* **Required action**
Scan the entries below for the word "people". Copy out every line in which it occurs.

Stored records
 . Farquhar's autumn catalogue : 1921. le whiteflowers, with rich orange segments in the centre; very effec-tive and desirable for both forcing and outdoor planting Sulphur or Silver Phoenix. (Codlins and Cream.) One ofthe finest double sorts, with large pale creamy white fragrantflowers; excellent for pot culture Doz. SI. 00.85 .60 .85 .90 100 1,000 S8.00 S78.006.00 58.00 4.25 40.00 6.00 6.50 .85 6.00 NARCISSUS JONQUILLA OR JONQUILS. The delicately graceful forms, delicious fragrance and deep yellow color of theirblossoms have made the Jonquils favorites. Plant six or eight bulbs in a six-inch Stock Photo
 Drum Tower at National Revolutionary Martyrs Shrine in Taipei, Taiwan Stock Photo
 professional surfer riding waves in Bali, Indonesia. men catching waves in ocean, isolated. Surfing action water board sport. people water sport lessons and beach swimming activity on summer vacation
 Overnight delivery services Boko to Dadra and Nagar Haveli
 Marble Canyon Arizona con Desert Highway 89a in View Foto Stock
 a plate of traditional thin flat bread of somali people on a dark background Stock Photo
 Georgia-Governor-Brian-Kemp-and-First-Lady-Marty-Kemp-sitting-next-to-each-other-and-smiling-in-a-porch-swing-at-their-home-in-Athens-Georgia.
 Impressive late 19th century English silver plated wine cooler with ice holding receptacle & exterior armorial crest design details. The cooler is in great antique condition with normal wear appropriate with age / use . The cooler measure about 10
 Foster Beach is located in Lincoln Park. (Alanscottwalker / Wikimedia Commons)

* **Exercise response**
 professional surfer riding waves in Bali, Indonesia. men catching waves in ocean, isolated. Surfing action water board sport. people water sport lessons and beach swimming activity on summer vacation
 a plate of traditional thin flat bread of somali people on a dark background Stock Photo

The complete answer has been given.